- [Dataset content]
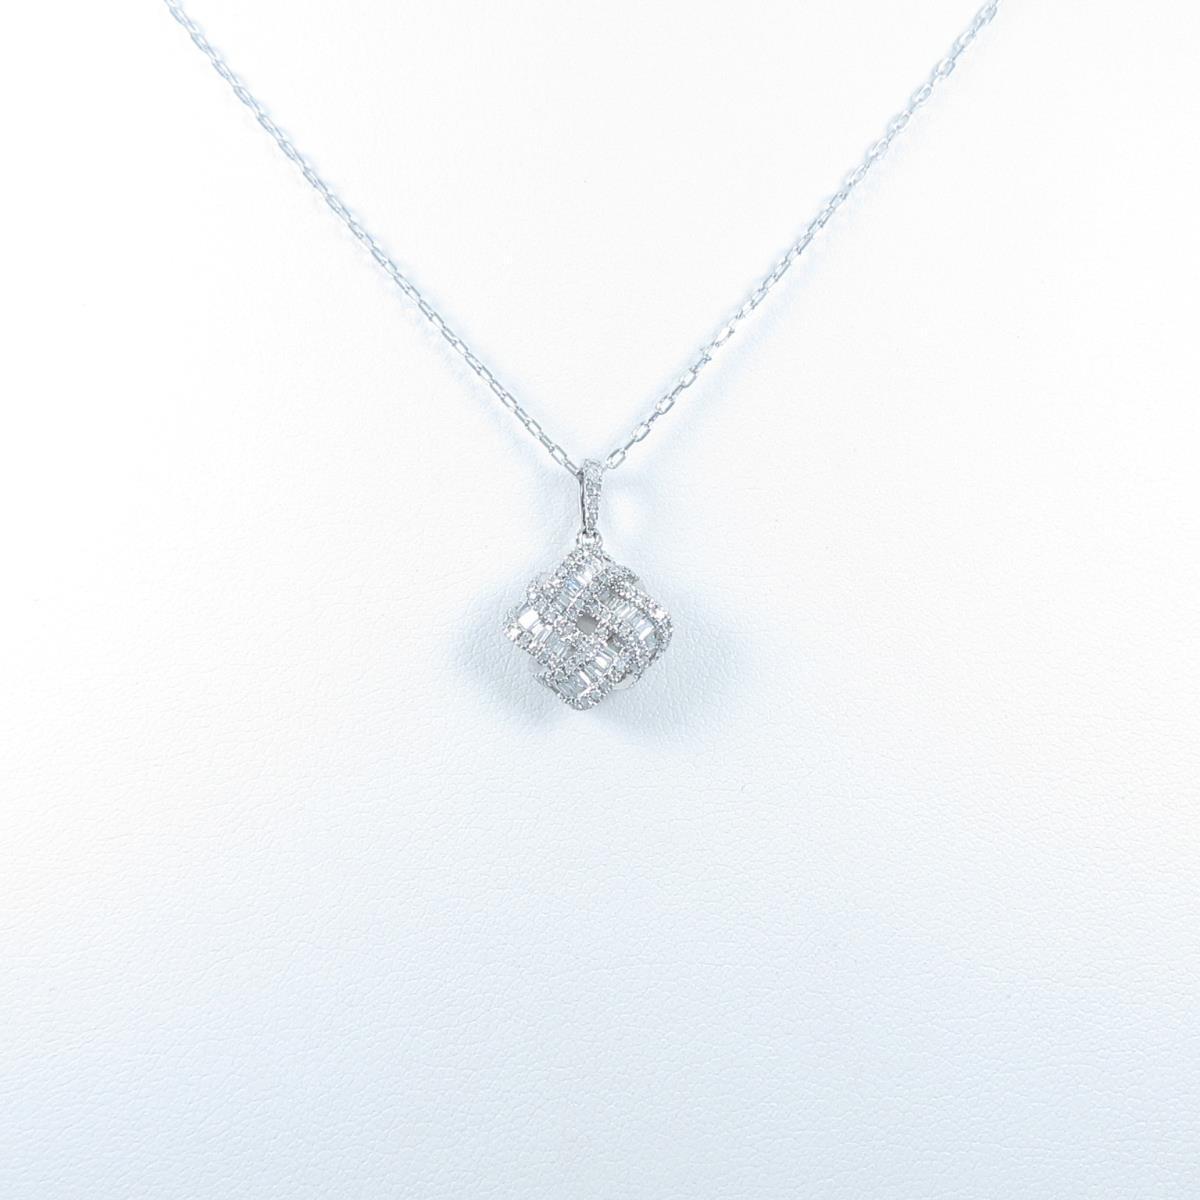 K18WG ダイヤモンドネックレス【中古】
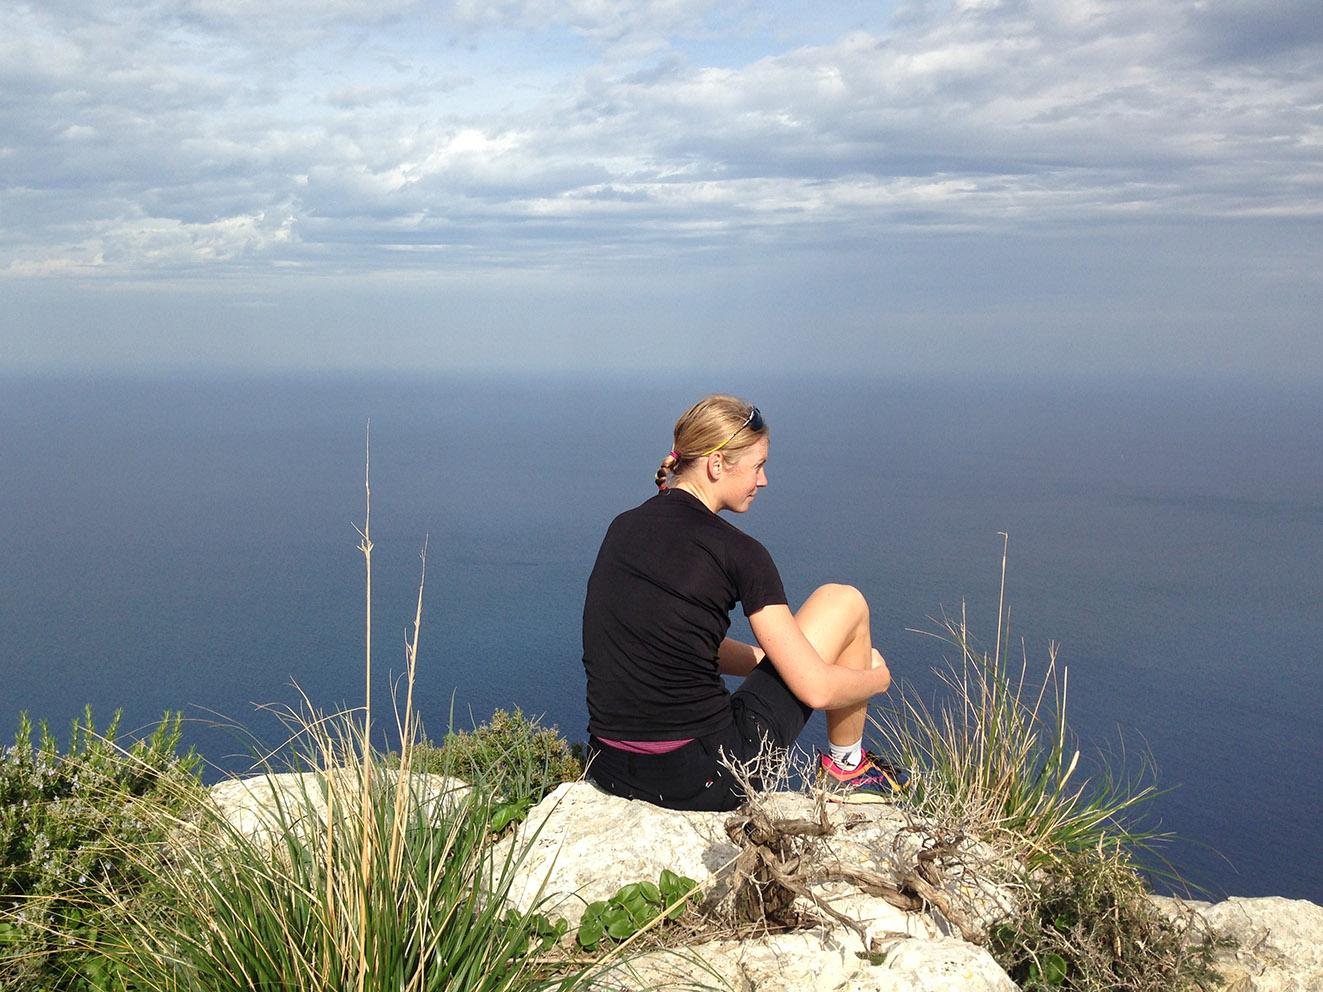 Wanderurlaub Nach Der Challenge Paguera Auf Mallorca
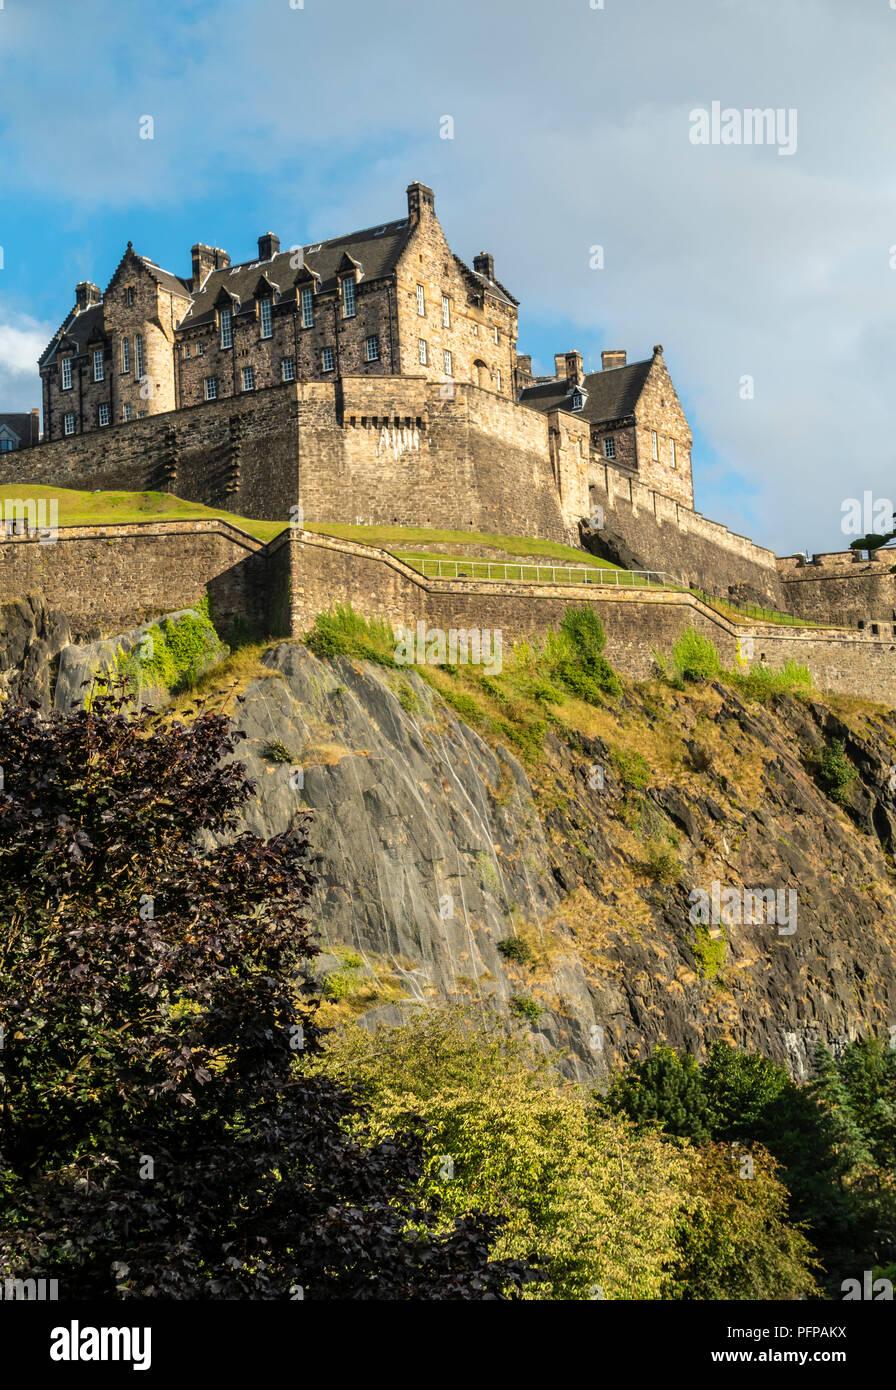 Il Castello di Edimburgo, una storica fortezza sulla parte superiore di un tappo di origine vulcanica, dove è un punto di riferimento e di attrazione turistica nel mezzo del centro di Edimburgo. Immagini Stock
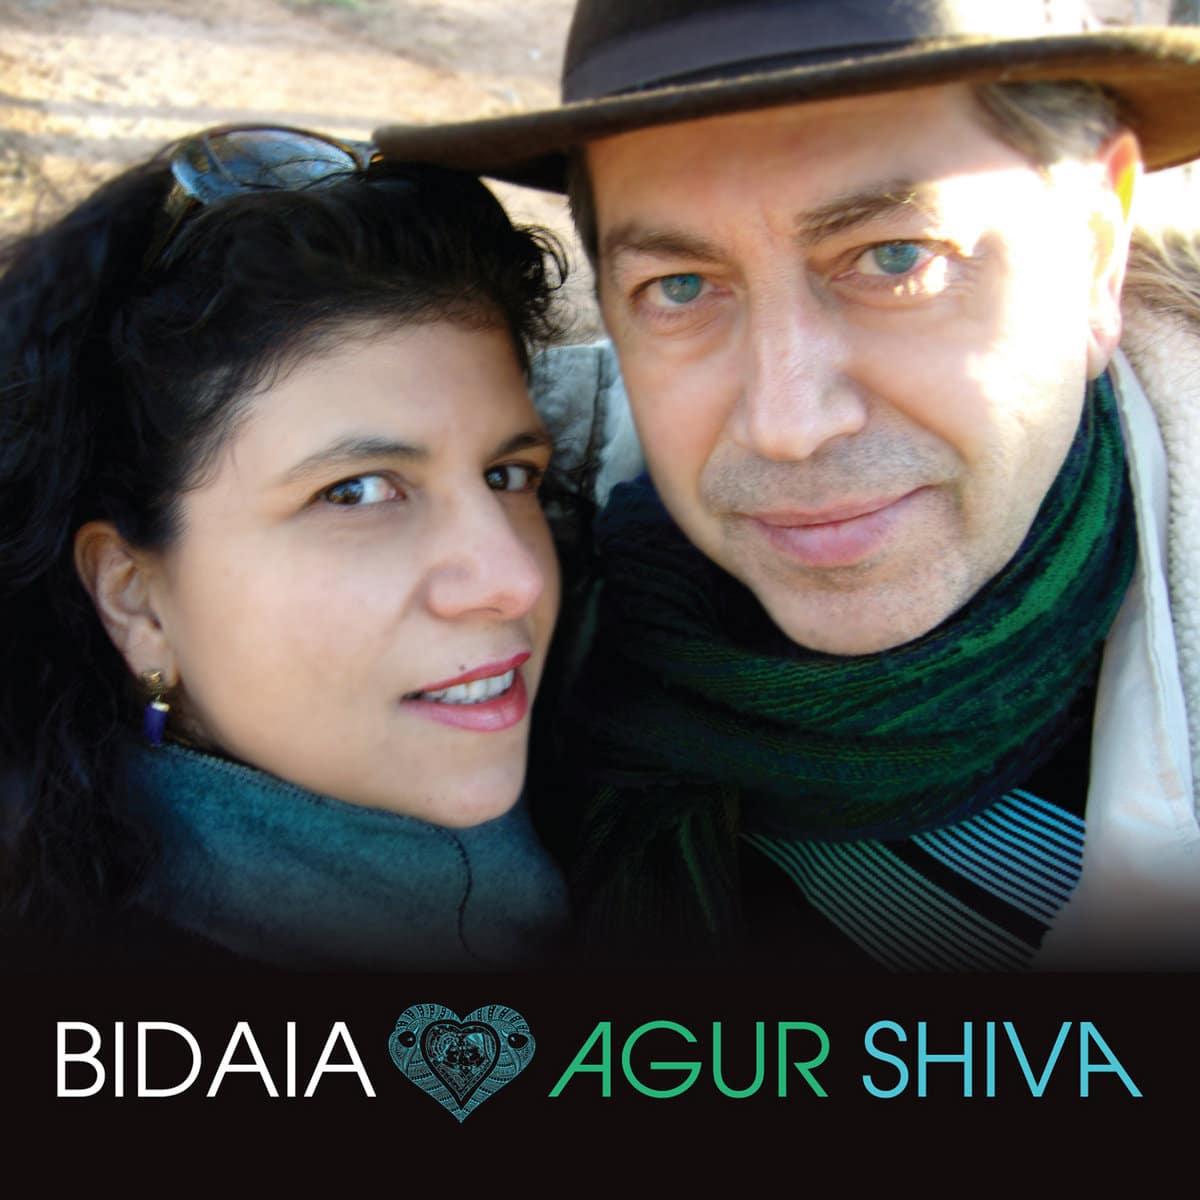 Bidaia - Agur Shiva

- [Exercise details] The required output is the lines from the one containing "Il Castello di" through the end of the data, printed exactly, with no pictures.

- [Exercise answer]
 Il Castello di Edimburgo, una storica fortezza sulla parte superiore di un tappo di origine vulcanica, dove è un punto di riferimento e di attrazione turistica nel mezzo del centro di Edimburgo. Immagini Stock
 Bidaia - Agur Shiva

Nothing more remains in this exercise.